Erstorbensein und Kälte der Füße.
Stechende, reißende und juckende Empfindungen in alten Fußwunden.
EXTREMITÄTEN IM ALLGEMEINEN [34]
Unfähigkeit, die Arme zu bewegen; die Beine nur mit Mühe. θ Rheumatismus.
Erfrierungsgeschädigte Extremitäten.
RUHE. LAGE. BEWEGUNG [35]
Liegt auf dem Bauch; kann den Kopf nicht aufrecht halten.
Bewegung: Schmerzen in den Brustmuskeln; Abneigung gegen Bewegung; rheumatische Schmerzen <.
Unfähigkeit, die Arme zu bewegen; die Beine nur mit Mühe.
NERVEN [36]
Bleibt sehr erschlafft und zu allem unfähig.
Geneigt, auf dem Bauch zu liegen.
Ein schwaches, kränkliches Gefühl hielt viele Tage an, mit innerem Zittern bei Erregung.
Am ganzen Körper sehr lahm und wund. θ Rheumatismus.
Große Schwäche und Prostration sowie eine Art hektisches Fieber bei Kindern nach Influenza.
Kopf so schwach, dass er ihn nicht aufrecht halten kann.
Hysterie.
SCHLAF [37]
Schlaflos und unruhig. θ Hämorrhoidalkolik.
ZEIT [38]
Nacht: schneidende, nagende, stechende Magenschmerzen <; flüchtige Schmerzen in den Schultern.
TEMPERATUR UND WETTER [39]
Kalte Luft erzeugt Wundheitsgefühl in der Brust.
Juckende Frostbeulen.
FIEBER [40]
Hohes Fieber. θ Rheumatismus.
Hektisches Fieber, sehr schwächend. θ Marasmus.
ANFÄLLE, PERIODIZITÄT [41]
Plötzlich: Heiserkeit.
Hämorrhoiden <, wenn Rheumatismus >.
Wechselnd: Diarrhö und Verstopfung.
LOKALITÄT UND RICHTUNG [42]
Links: Gehirn scheint schwach; Kopfhaut wund; einschießend im Eierstock; stechende Schmerzen in der Herzgegend.
Von rechts nach links: dumpf schmerzendes Gefühl in den Fingern.
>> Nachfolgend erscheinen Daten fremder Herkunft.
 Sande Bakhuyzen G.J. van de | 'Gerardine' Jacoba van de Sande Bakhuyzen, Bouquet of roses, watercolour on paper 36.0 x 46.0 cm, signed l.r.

Rechts und links: Zucken in der Ovarialgegend; dumpf schmerzendes Gefühl in den Fingern.
EMPFINDUNGEN [43]
Wie von kriechendem Frösteln entlang den Windungen des Gehirns, mit Prickeln; als ob der Magen herabhänge oder im Wasser schwimme; Schwäche mit innerem Zittern.
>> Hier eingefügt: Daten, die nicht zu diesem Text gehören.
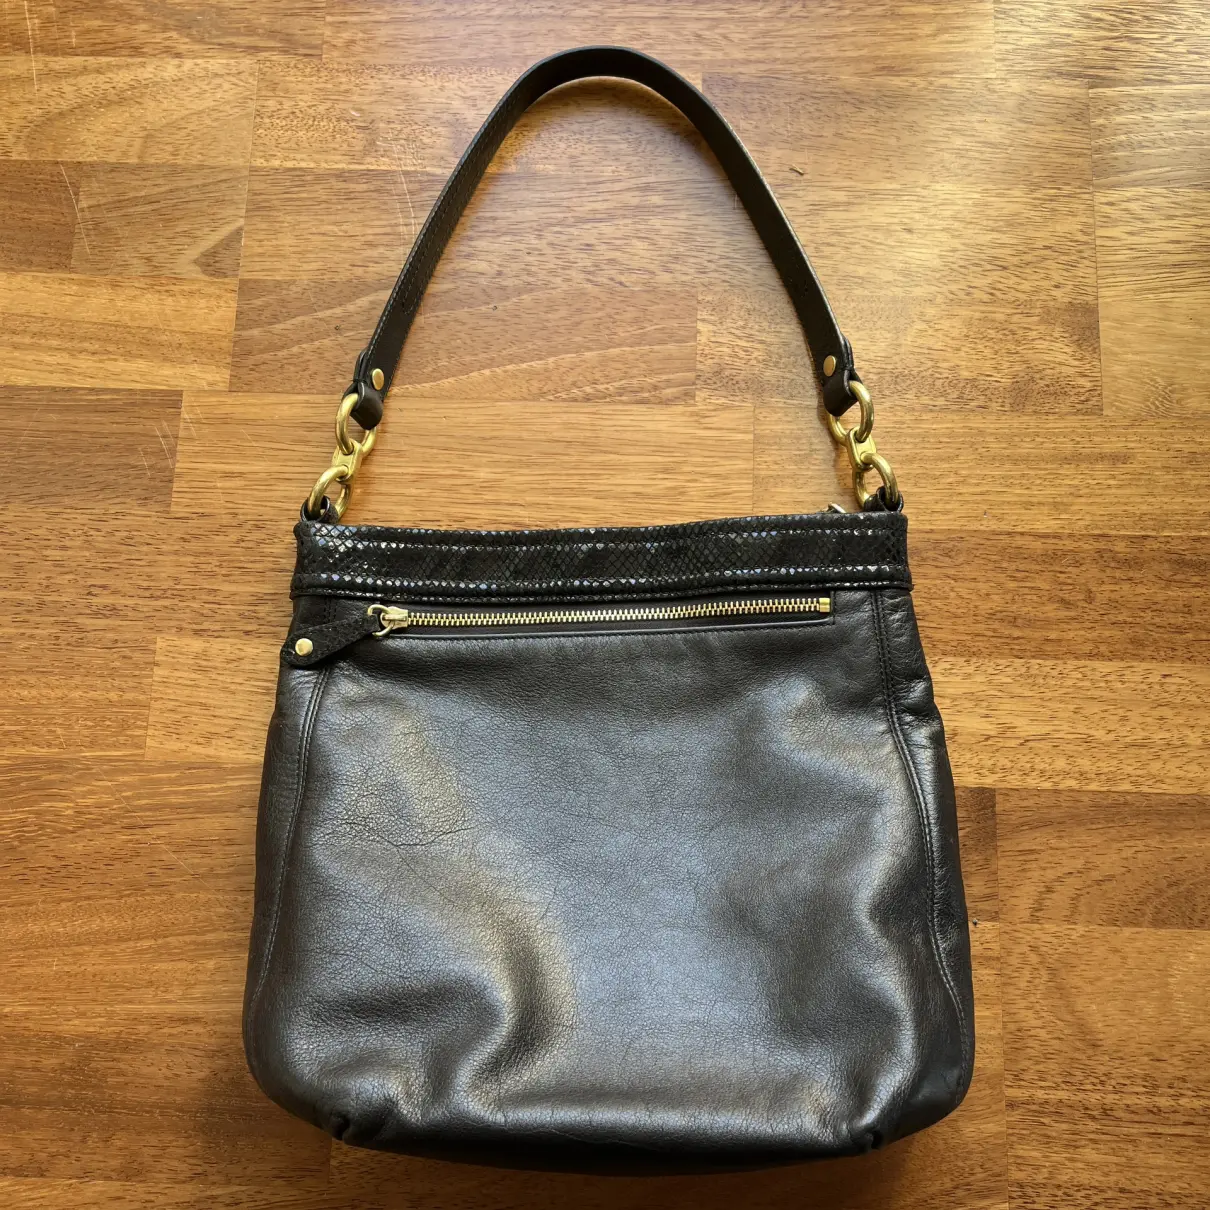 Buy Coach Scout Hobo leather handbag online

Dumpf schmerzend: in den Schultergelenken und im Zeigefinger der rechten Hand.
Schmerz: quer durch die Brust, stechend in der Herzgegend; im Kreuzbein.
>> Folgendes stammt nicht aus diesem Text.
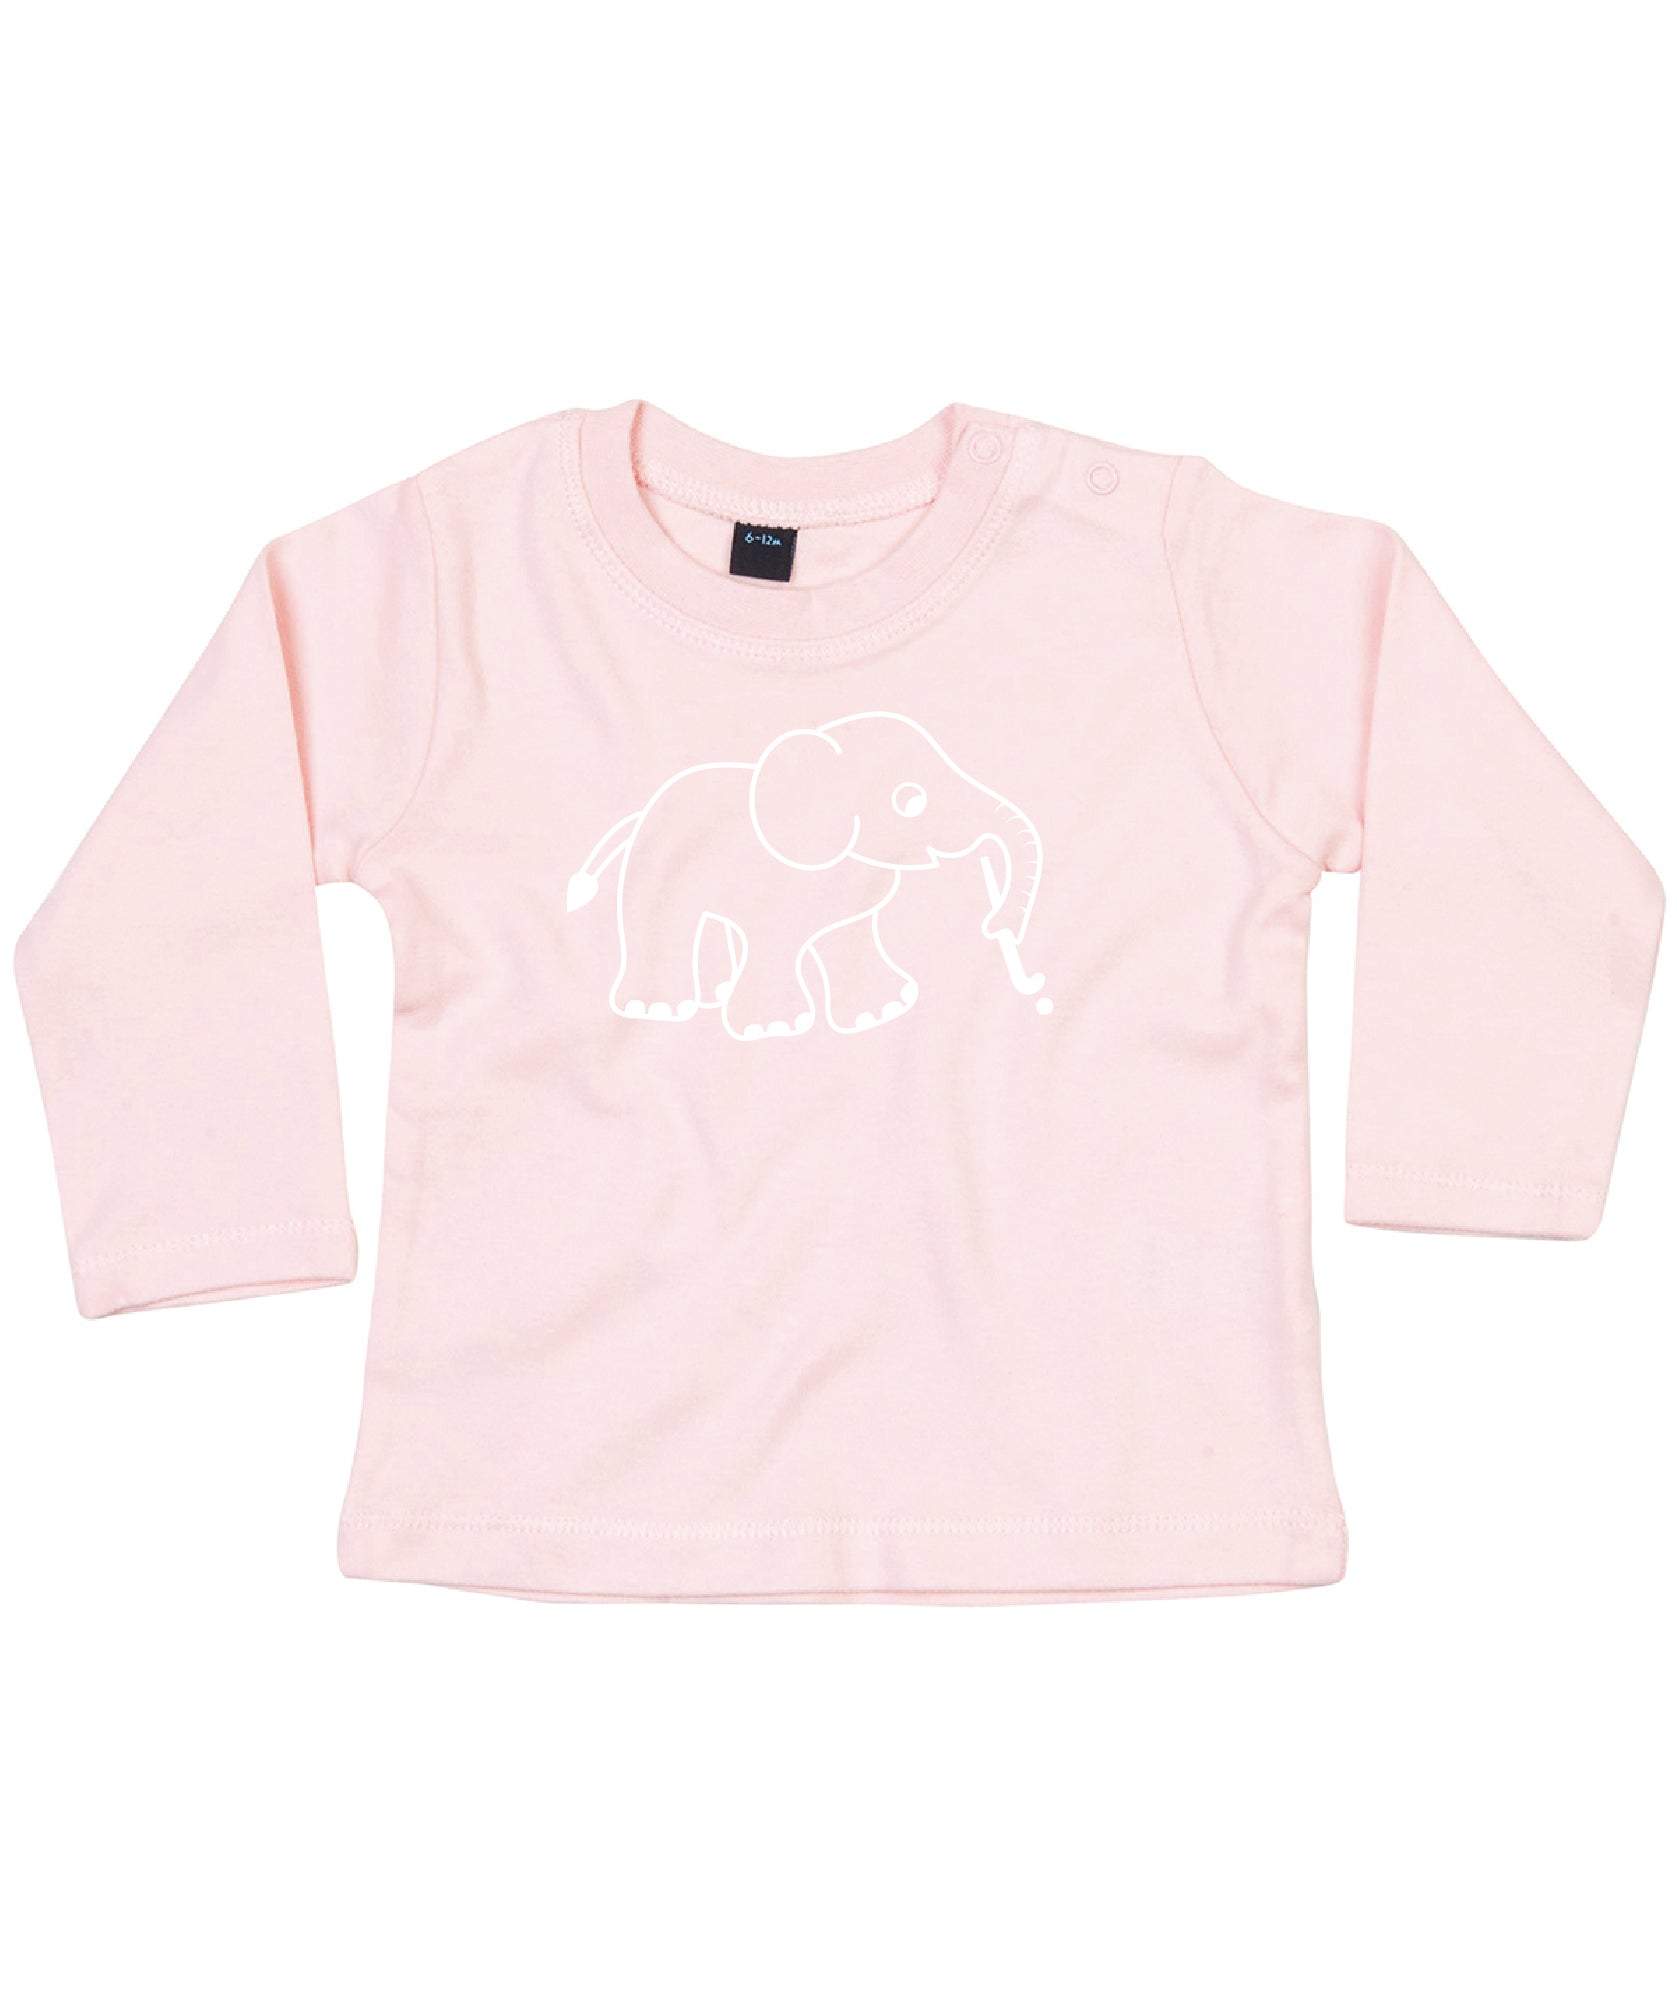 Baby Longsleeve Shirt Hockey Elephant

Einschießend: im linken Eierstock.
Schneidend: im Magen.
Stechend: in Fußwunden.
Stechend: im Magen.
Prickeln: im Gehirn; in steifen Gelenken; in den Fingerspitzen.
Reißen: in den Zähnen; in Fußwunden.
Brennen: im Magen und in Hämorrhoiden.
Wundheit: der Kopfhaut überall.
Dumpf schmerzend: von den Schultergelenken bis zum Ellbogen; in den Fingern.
Zusammenziehend: im Magen.
Gichtartige Schmerzen: in den Handgelenken und Sprunggelenken.
Flüchtige Schmerzen: in den Schultern.
Nagend: im Magen.
Ziehend: im Oberkiefer, in kariösen Zähnen, in den Brustmuskeln; im Sprunggelenk.
Drückend: bei Pleuritis.
Kratzen: im Hals.
Wundheit: in den Atemwegen.
Zucken: in den Eierstöcken.
Taubheitsgefühl: in den Fingern.
Erstorbensein: der Füße.
Kälte: im Gesicht, im Magen, in den Fingerspitzen; an den Füßen.
Schwaches, sinkendes Gefühl: in den Därmen.
Trockenheit: der inneren Nase.
Juckreiz: der Kopfhaut, der Fußwunden, der Frostbeulen.
GEWEBE [44]
Gicht: schmerzhafte und entzündete Handgelenke und Sprunggelenke.
Gelenke steif, mit prickelnder Empfindung.
Schmerzhaft-entzündlicher Rheumatismus vor der Schwellung.
Chlorose.
(Beob.:) Bei phagedänischen Erkrankungen.
Rheumatismus nach plötzlich unterdrückter Diarrhö; sie kann Kopf, Arme oder Gliedmaßen nicht bewegen und leidet unter starken Schmerzen, ohne Schwellung.
Nach unterdrückter Gicht. θ Gastralgie.
Marasmus der Kinder.
Kontraktionen der Extremitäten durch Krämpfe oder nach Kolik.
HAUT [46]
Furunkel, wenn Hepar sulph. nicht ausreicht.
Die Haut ist schlaff und hängt locker herab. θ Marasmus.
Juckende Frostbeulen.
LEBENSALTER, KONSTITUTION [47]
Kinder: Abmagerung, besonders der Beine. θ Marasmus.
Knaben: Epistaxis; Hydrozele.
BEZIEHUNGEN [48]
Nach Acon . und Bryon . bei Pleuritis; nach Hepar sulph . bei Furunkel.
Juckende Frostbeulen; vergleiche Nux vom . und Amanita .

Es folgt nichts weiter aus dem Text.